Local, Independant and Effective

A profound opportunity lies before regional Australia, says Cathy McGowan

Posted June 09, 2017

 

Ms McGOWAN (Indi) (19:40): Tonight I rise to talk about the profound opportunity that exists for regional Australia. I will call on my community to keep on speaking up and encouraging others to do the same, and I will call on the government to take a strong leadership role to make the best of the opportunities regional Australia has. The national spotlight is firmly on Australia's regions, and quite rightly. There is nowhere more innovative, nowhere more agile, than in regional Australia, and the strength of our regions I believe lies in our connectedness. Our survival depends on building connections. People in rural Australia know that education, health and employment have to be addressed together. We believe in connections and we know it works.

For regional policy to have legitimacy, it needs to have the same approach—to make connections with the government, with issues and with the community it affects. We know that this approach works. It is an approach that has allowed me to represent my community as an Independent member since 2013. It has seen the establishment of the Alpine Valleys Dairy Pathways Project and a cross-border approach to vocational education and work force development. In Indi we ensure that the community plays an active role in developing their own solutions, and we call this 'The Indi Way'. The government has an opportunity, and I believe it has the goodwill, to lead for regional Australia. But to do so it must adopt a coordinated approach.

For too long the budget and specifically the regional budget statement have been seen as a way of understanding the government's plan for regional Australia. When I read these documents, all I see is a collection of individual investments across portfolios that tell me nothing about the government's overall strategy or vision for the region. I believe regional Australia deserves more. Last week Senator the Hon. Fiona Nash, Minister for Regional Development, unveiled 'Regions 2030: Unlocking opportunity in regional Australia'. It outlines the government's vision statement for regional Australia and its key initiatives but, for me, there is a missing link—how do these initiatives connect to support economic growth; how do they connect to bring better health and educational outcomes? I welcome the government's commitment to invest in working partnerships with communities and to support local decision making, but I want to build on this. The government knows that for regional Australia to reach its full potential it needs to build a lasting consensus across all levels of government, issues and communities, and it needs to invite experts and communities to have input. This should form the foundation of a regional policy for successive governments.

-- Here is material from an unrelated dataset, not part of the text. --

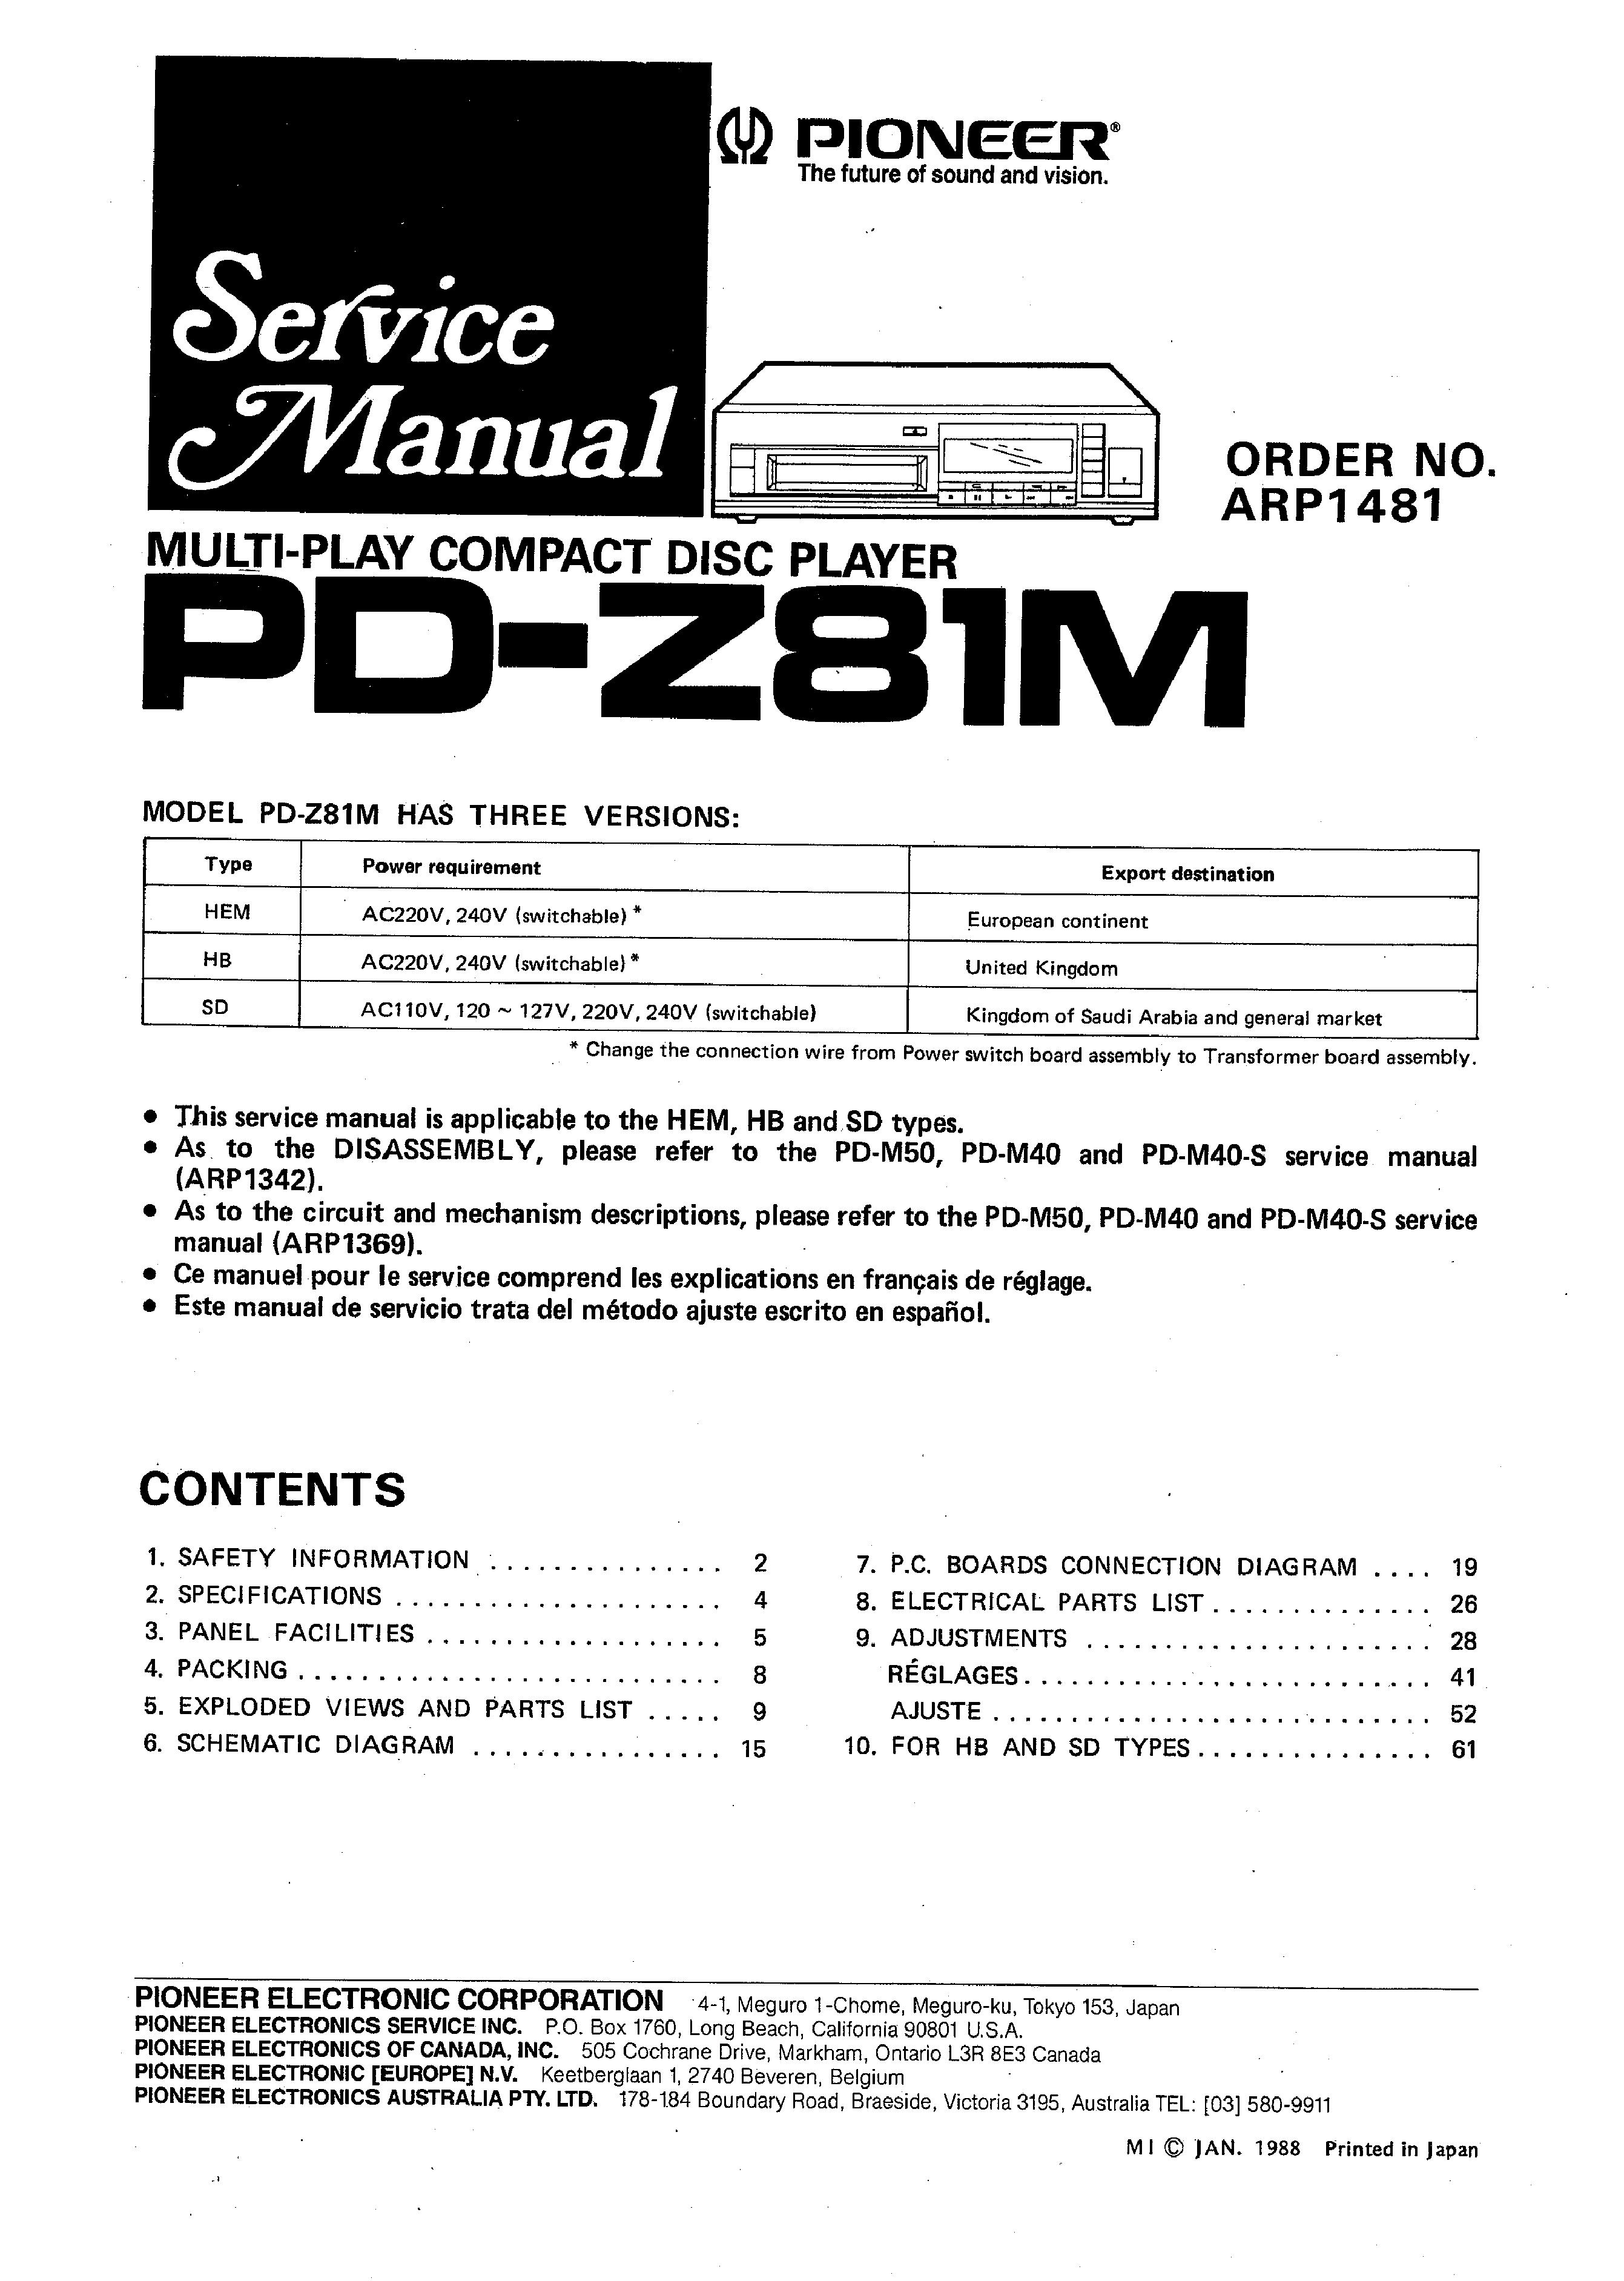 PIONEER PRO98 - Service Manual Immediate Download

In the weeks following the budget I have been out and about asking the people of Indi what does the budget mean to them and what do they need and what is missing. The message has been so clear: they are talking about connection—connection between education and health and infrastructure. The government has acknowledged that a one-size-fits-all approach to regional development will not work, but it still has not told us how it will address these matters to actually recognise the challenges and opportunities for regional Australia. I have called on the government to establish an inquiry into regional development and decentralisation. An inquiry is about bringing skilled minds together to solve a problem, and the objective of this inquiry is to have a serious discussion about unlocking the potential for regional Australia. These terms of reference—which were tabled yesterday in a notice of motion—would look at decentralisation in the broader context. I believe there is another opportunity for the government, if it can ensure that the Regional Australia Ministerial Taskforce builds connections between initiatives and across portfolios to make the best of opportunities.

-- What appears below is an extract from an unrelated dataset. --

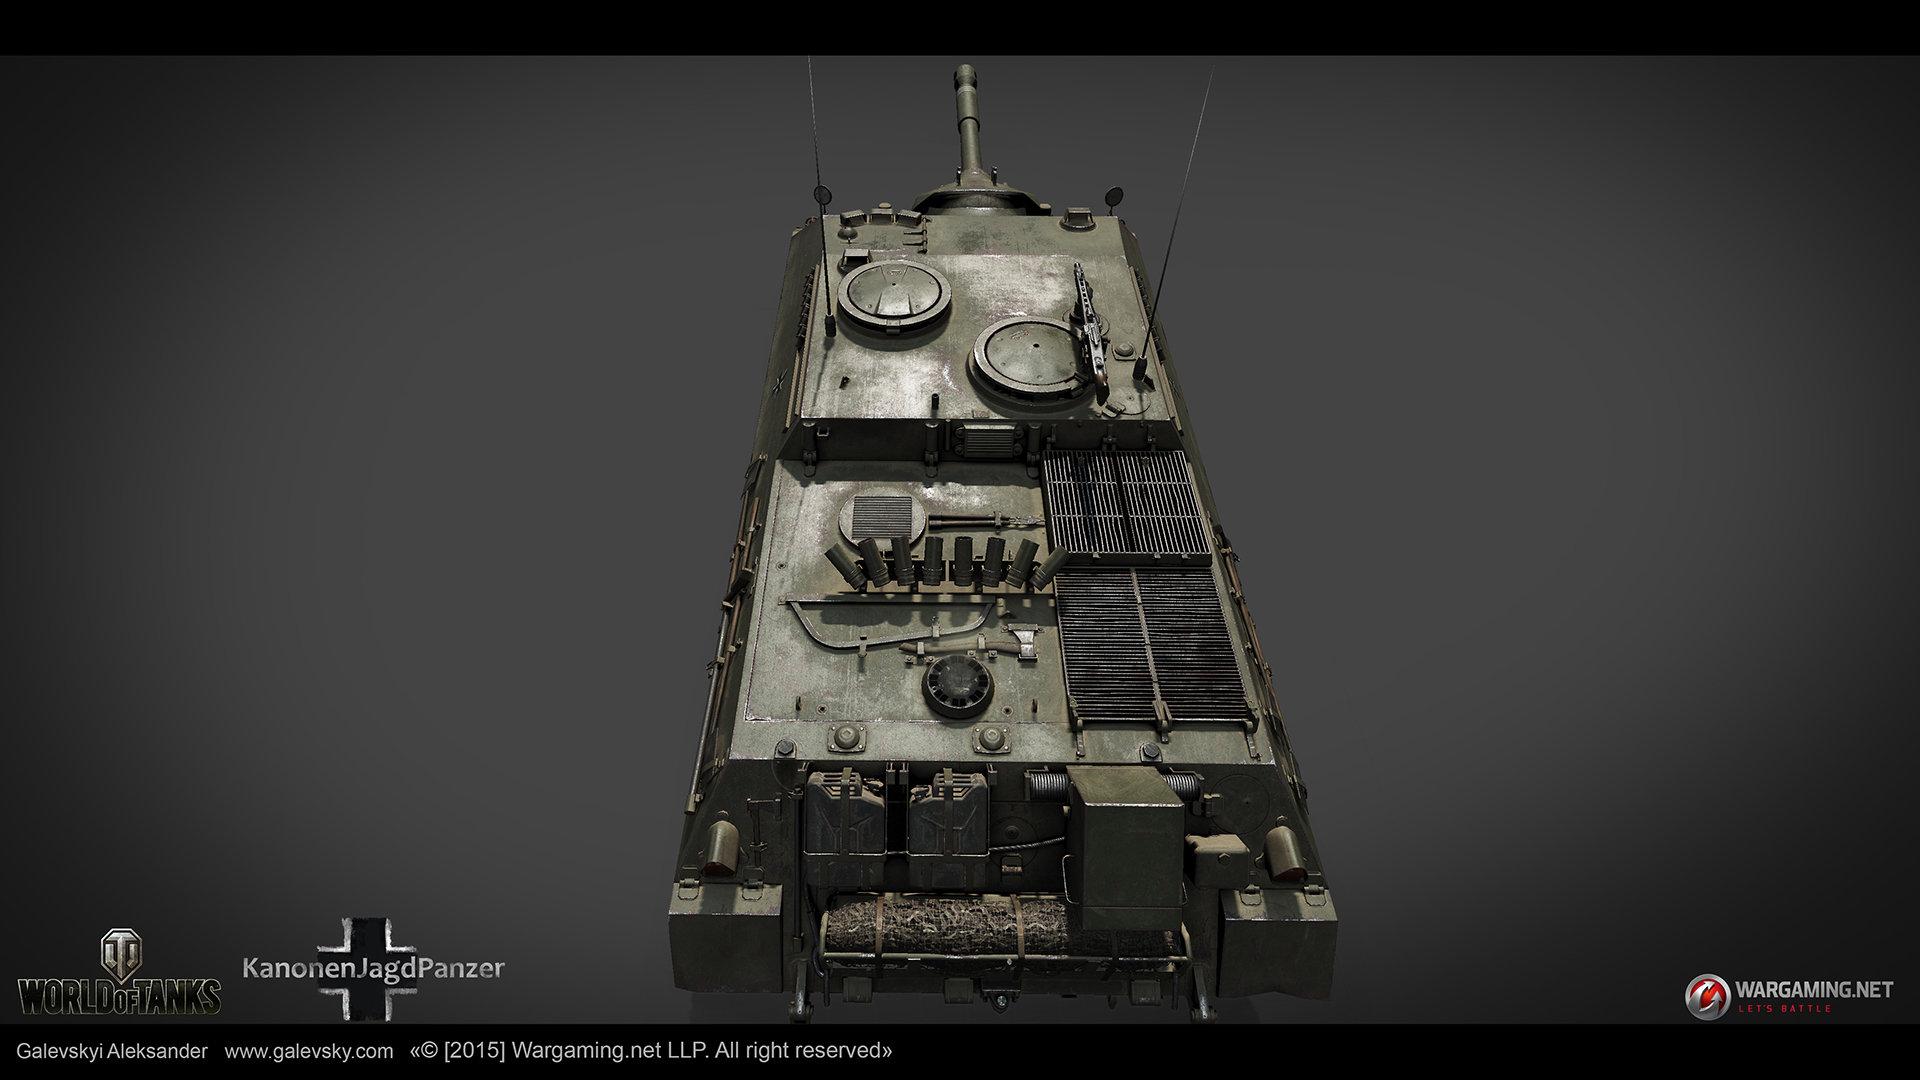 Aleksander galevskyi kanonenjagdpanzer fin small 08

In conclusion, to my community I say: you get this. Hundreds have responded to my budget survey to tell the government to focus on health, education, infrastructure and environment. People in Indi have a voice, and, as your representative, I will ensure that government hears it. Go to the website, fill in the survey and encourage others to do the same. To my colleagues in this House, I say: you get it. You understand, as local representatives, that your community have strong views about connectivity. And to the government I say: you are the final piece of this puzzle. I know you want to get it and you want to listen, but to do so you really need to build connectivity across portfolios, issues and communities. (Time expired)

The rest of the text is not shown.